» **Work to be completed**
Print the line containing "Senior Airman Luke" and each line after it through the end of the material below, exactly as it appears, but skip the pictures.

» **Data**

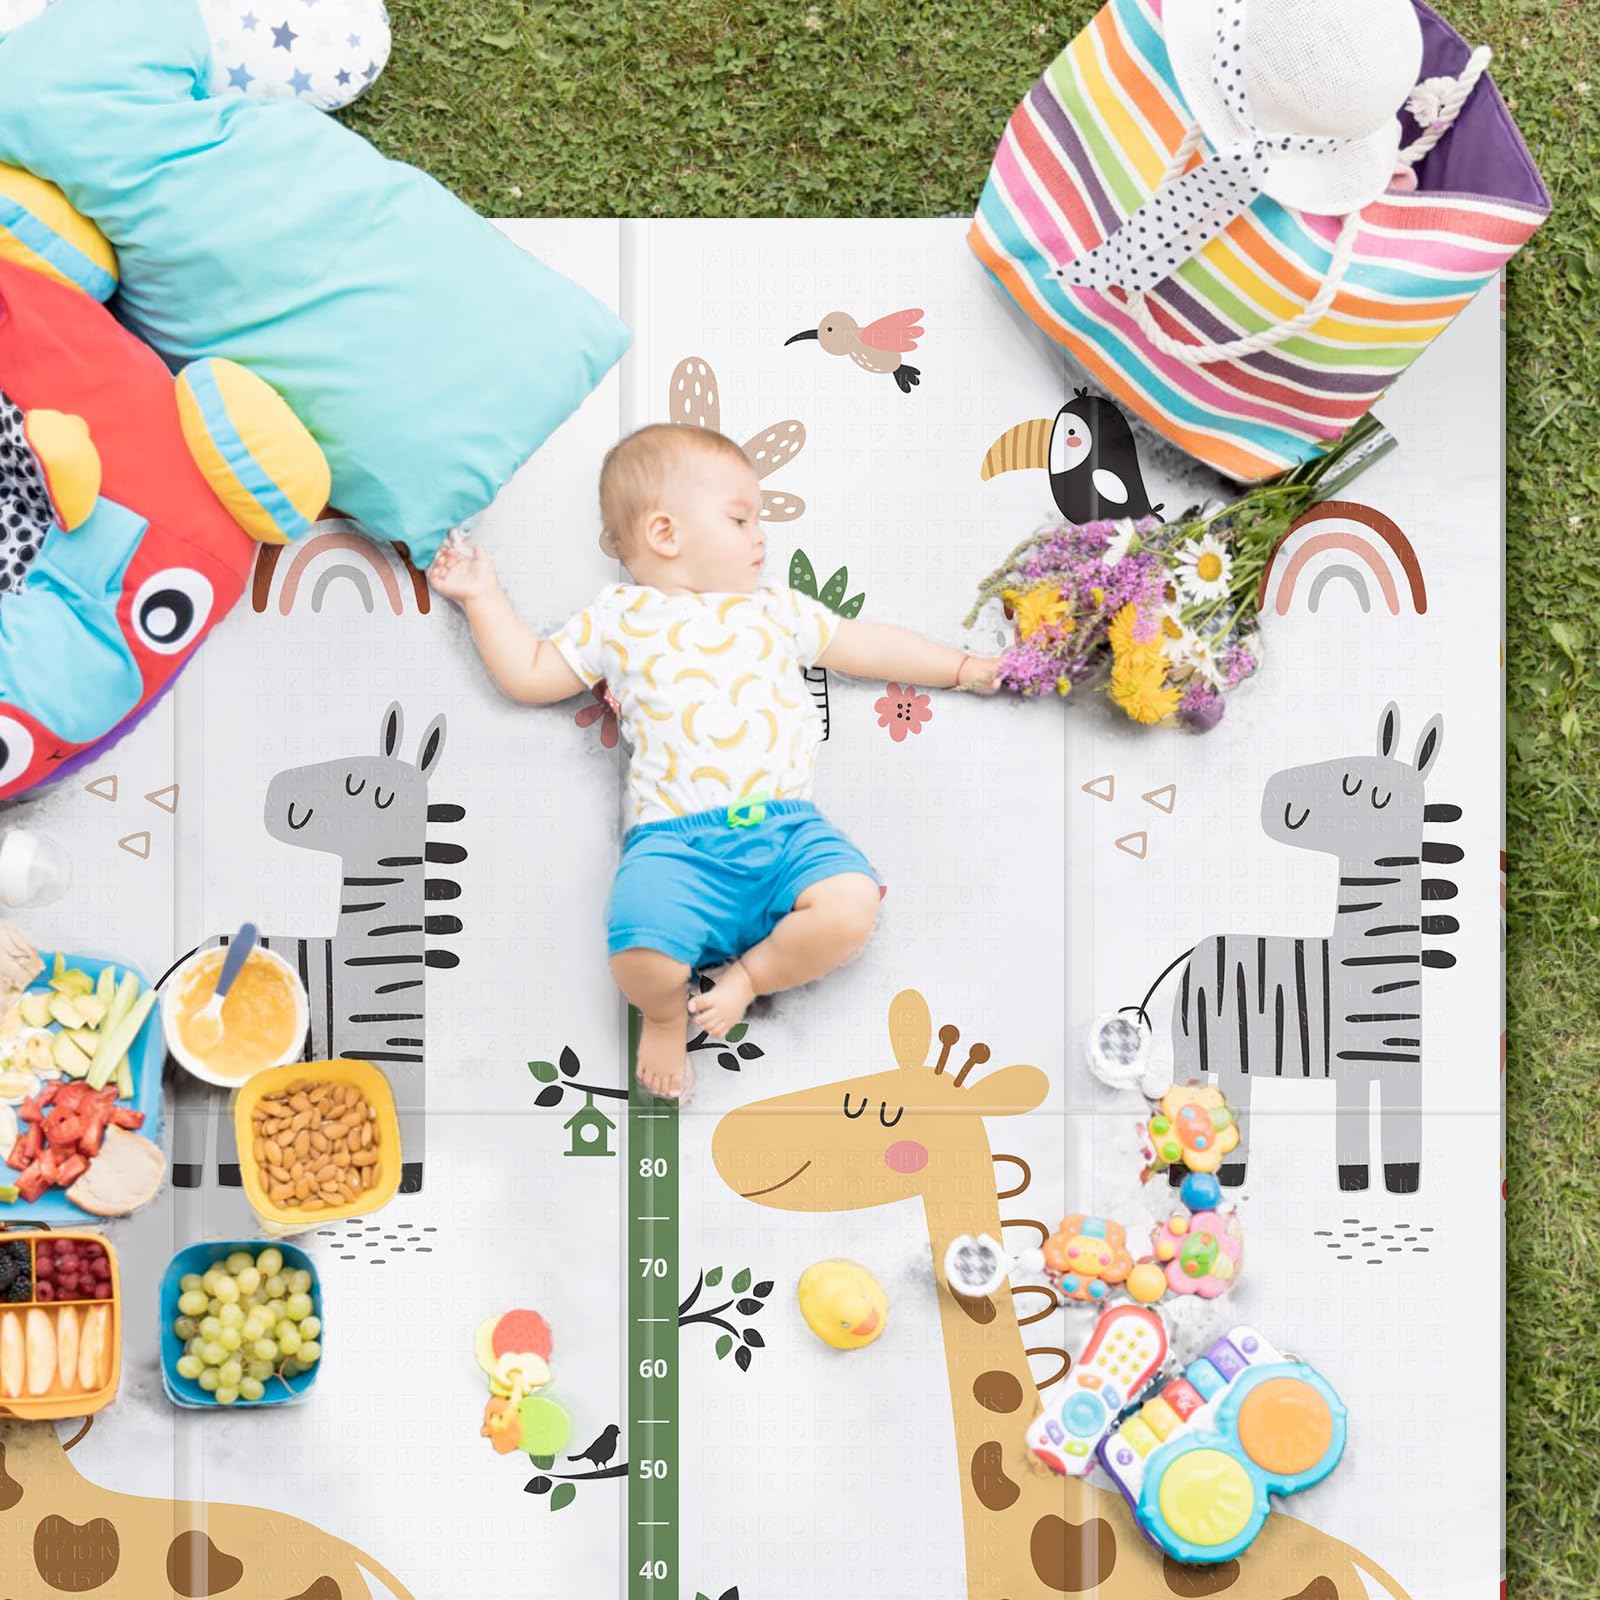 XL Baby Play Mat for Floor, PIGLOG 79
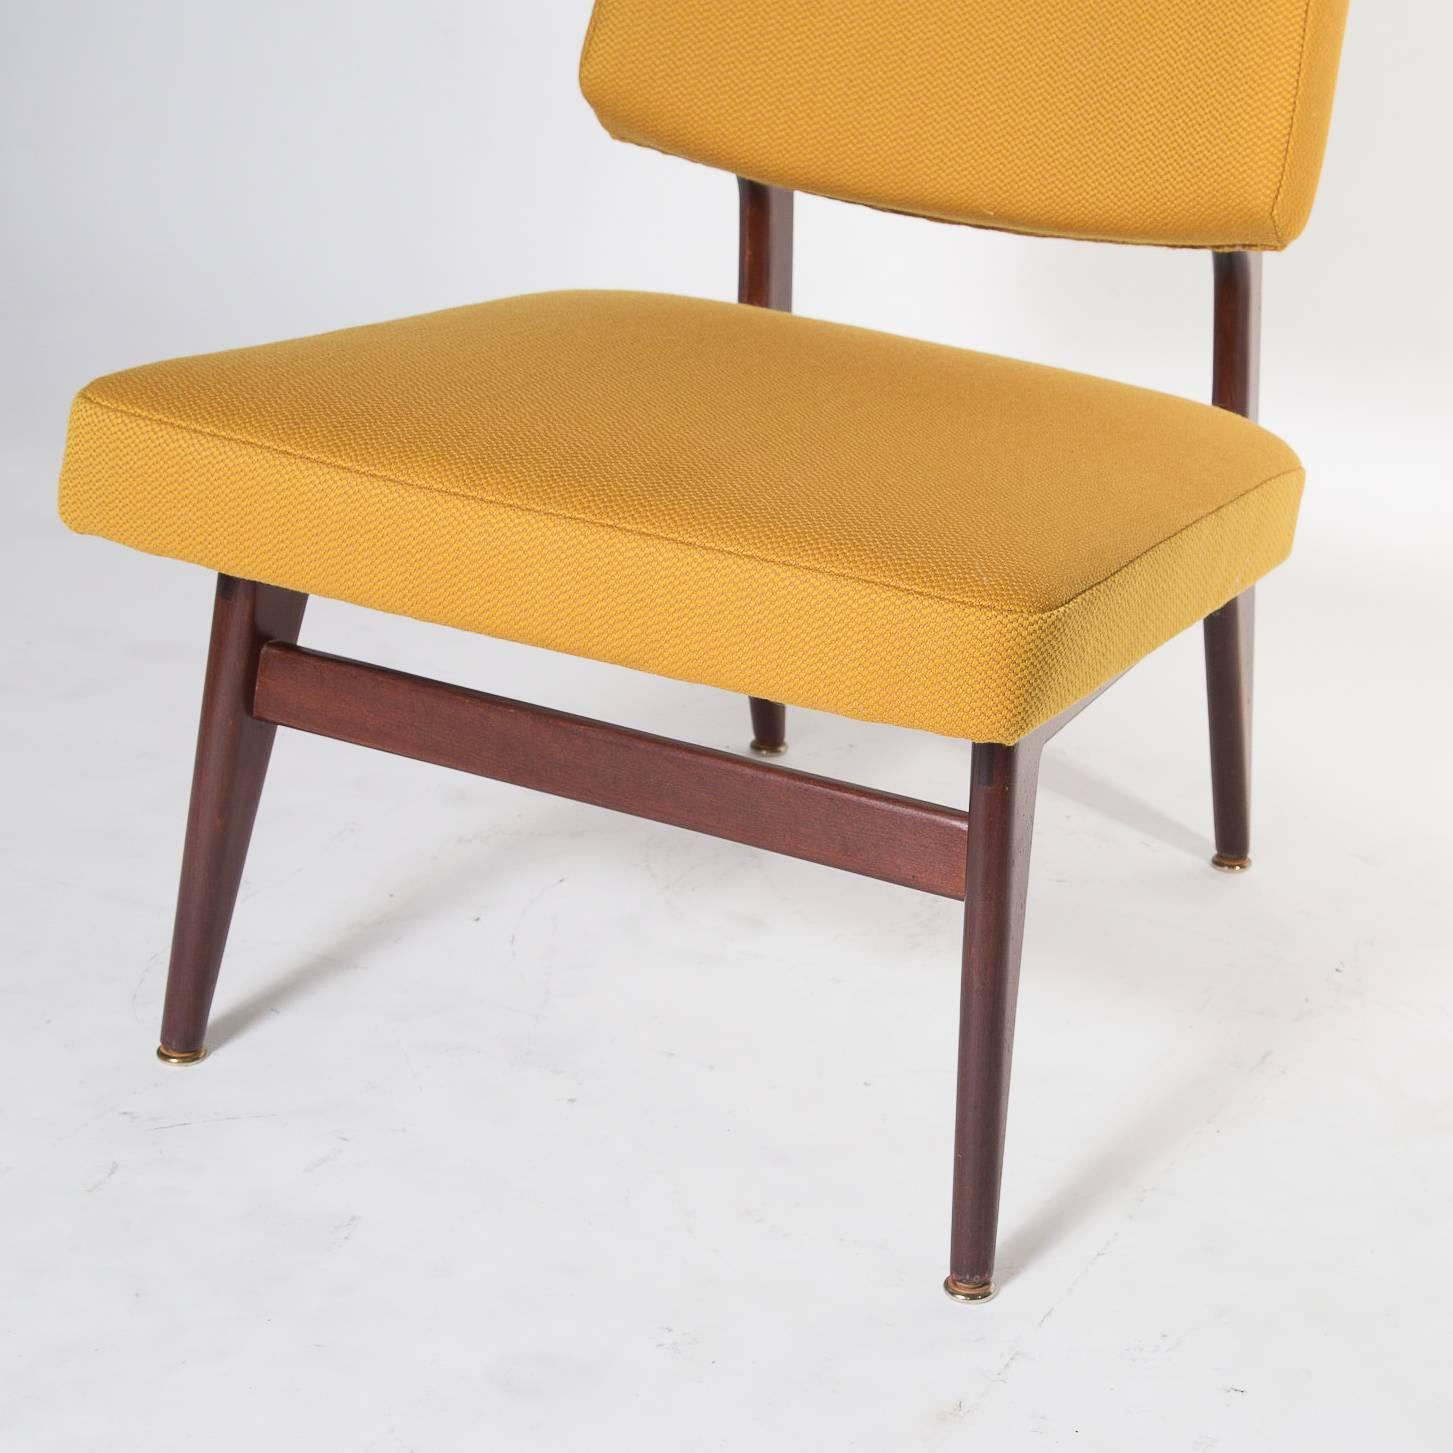 3 Thonet No. 681 Mid-Century Design Chairs Designed 1958 by Eberle, Germany 1965 For Sale 1
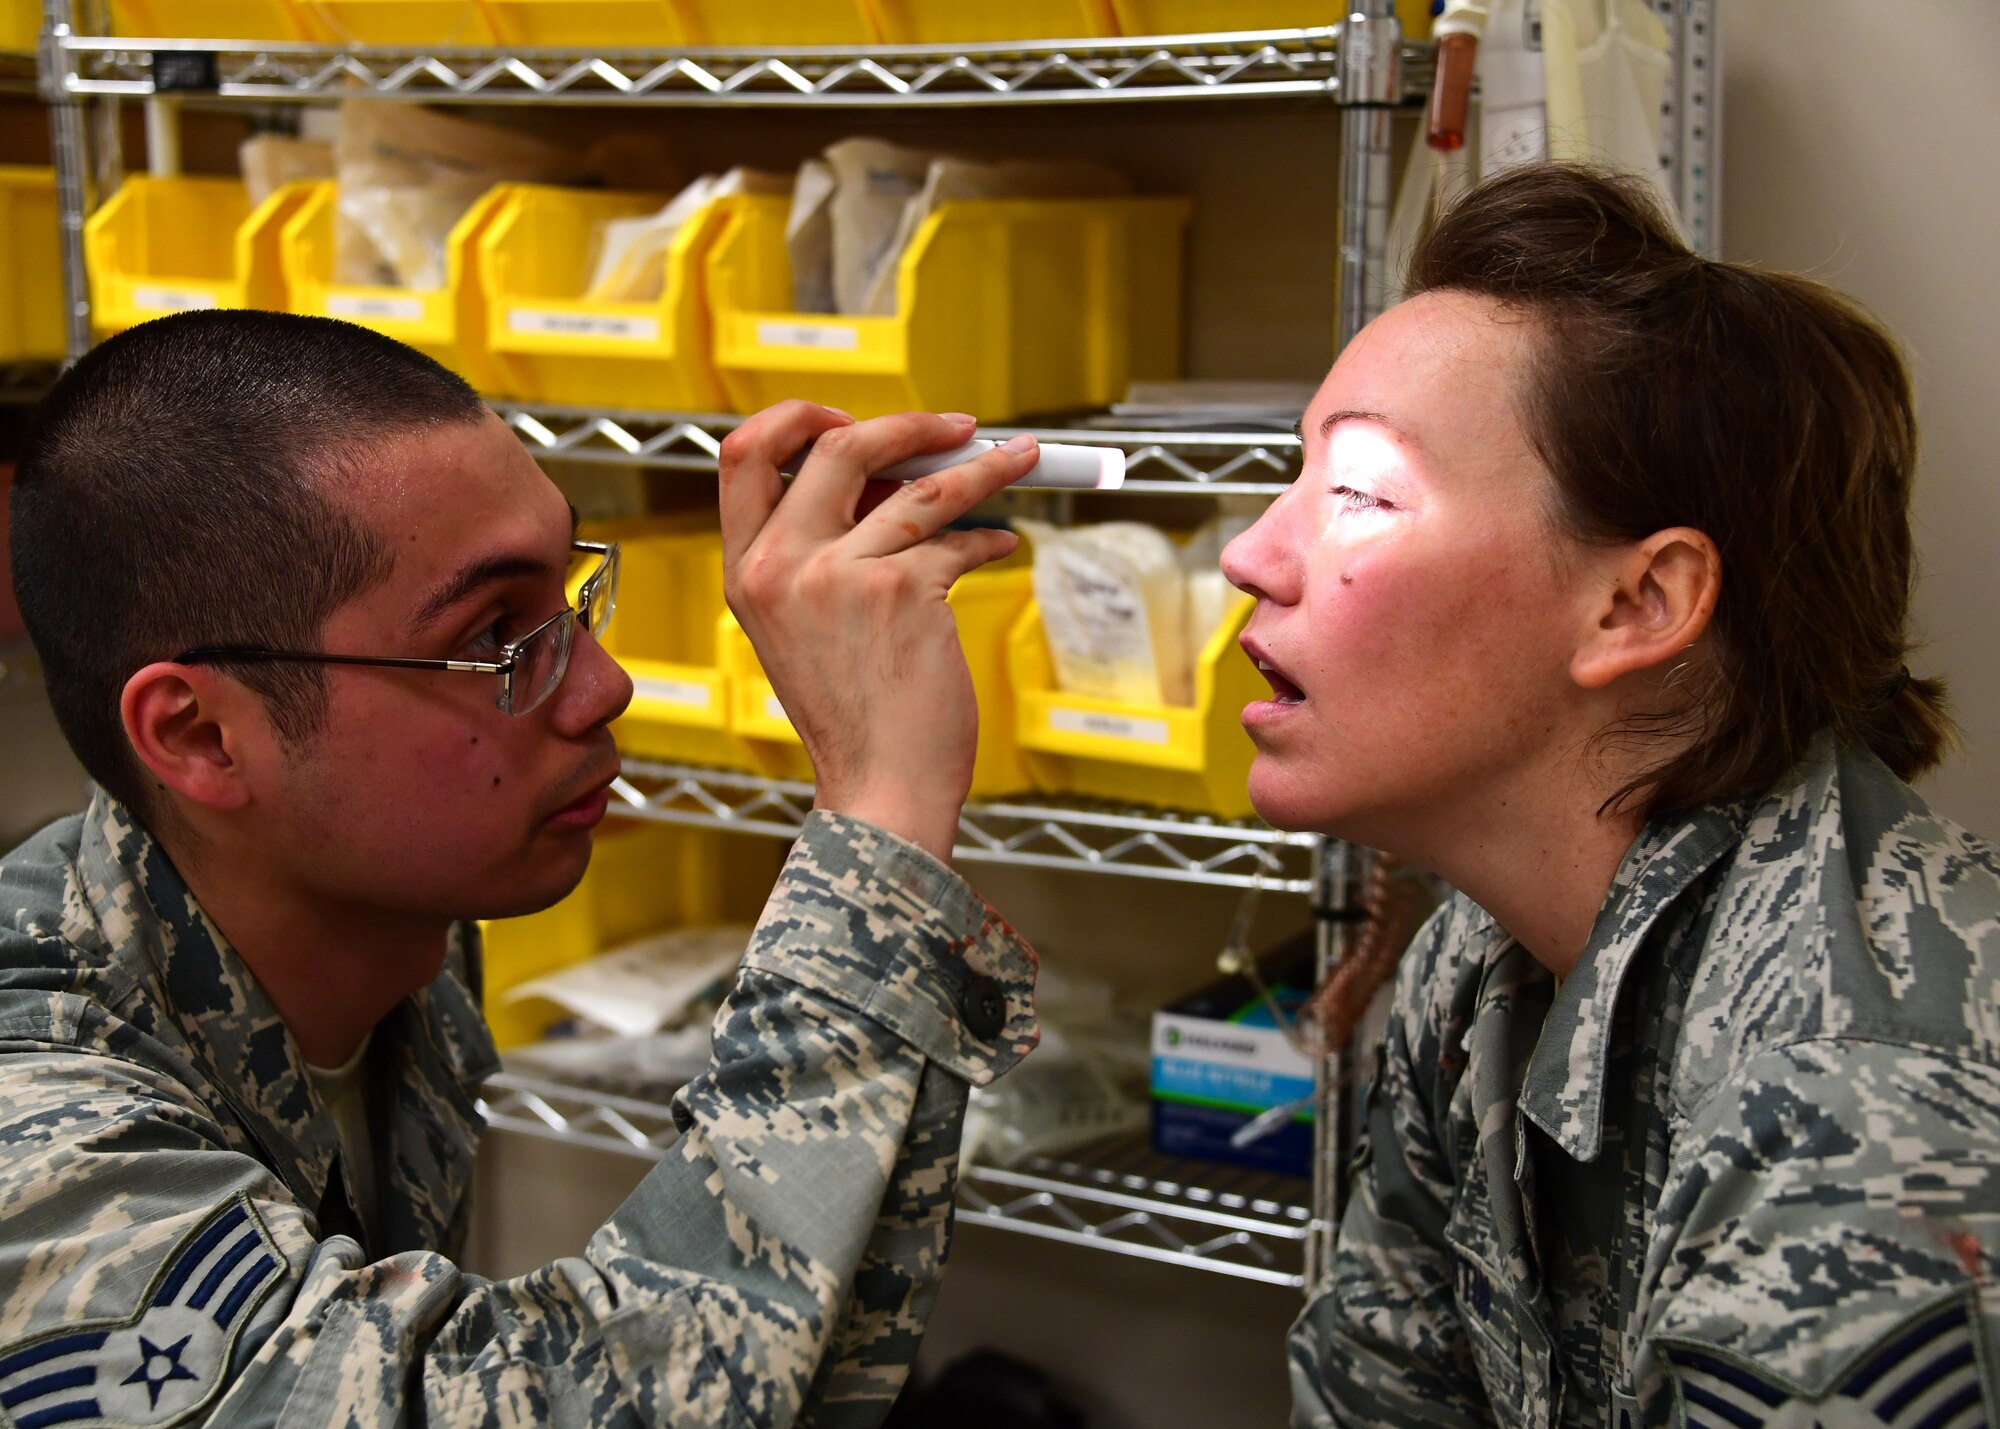 Senior Airman Luke Block, medical technician with the 911th Aeromedical Staging Squadron, simulates an assessment of Tech Sgt. Nicole Martin, aerospace medical technician with the 911th ASTS, during a simulation at Fort Indiantown Gap, Pennsylvania, June 20, 2019. Martin was acting as a concussed Airman for the simulation and had to be attended to to by the students. (U.S. Air Force photo by Senior Airman Grace Thomson)
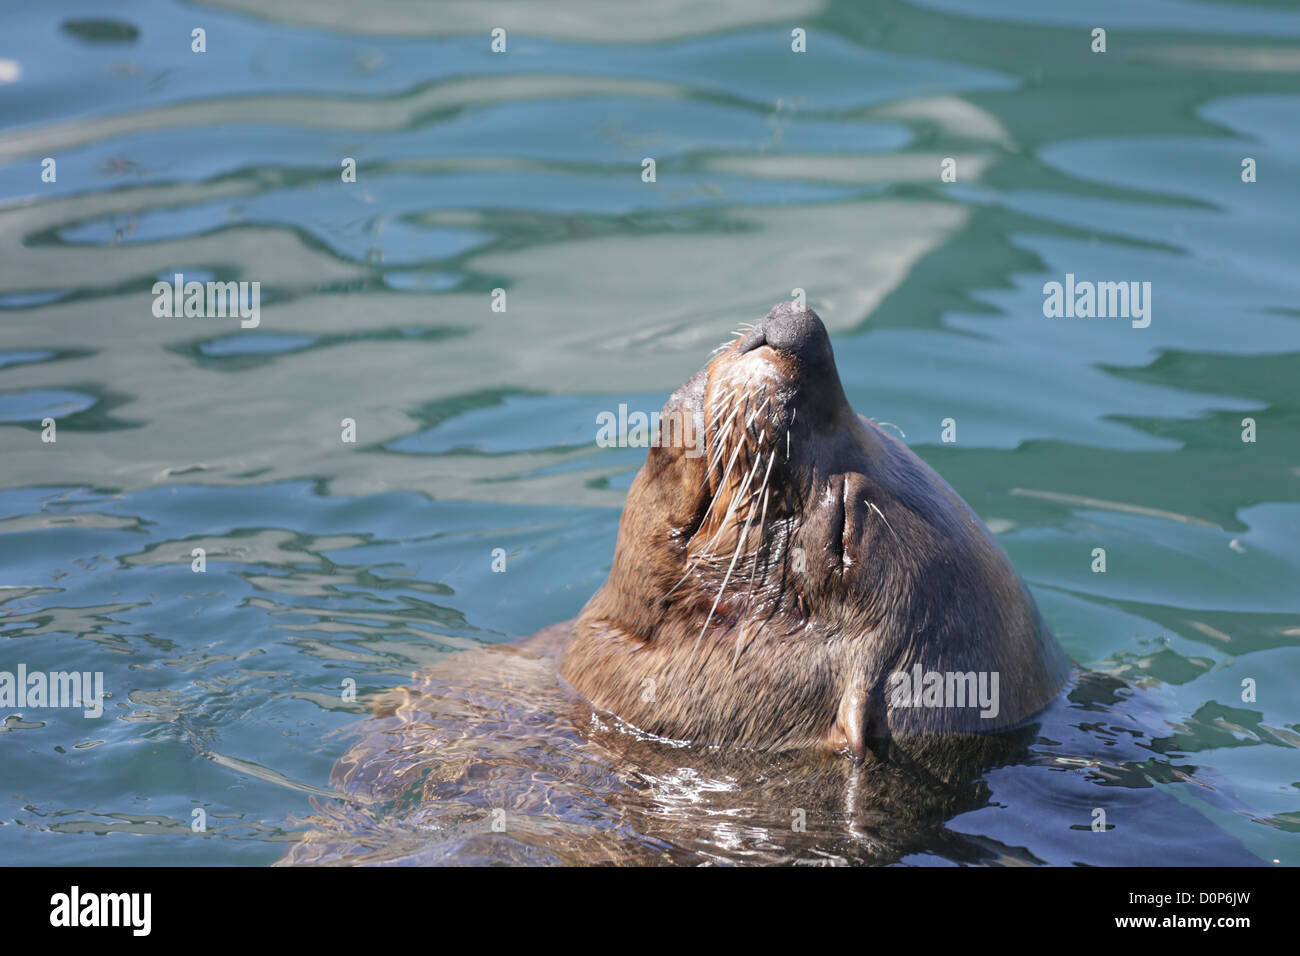 A sleepy seal sticking its head out of the water and enjoying the warm sun with its eyes closed Stock Photo

» **Exercise solution**
 Senior Airman Luke Block, medical technician with the 911th Aeromedical Staging Squadron, simulates an assessment of Tech Sgt. Nicole Martin, aerospace medical technician with the 911th ASTS, during a simulation at Fort Indiantown Gap, Pennsylvania, June 20, 2019. Martin was acting as a concussed Airman for the simulation and had to be attended to to by the students. (U.S. Air Force photo by Senior Airman Grace Thomson)
 A sleepy seal sticking its head out of the water and enjoying the warm sun with its eyes closed Stock Photo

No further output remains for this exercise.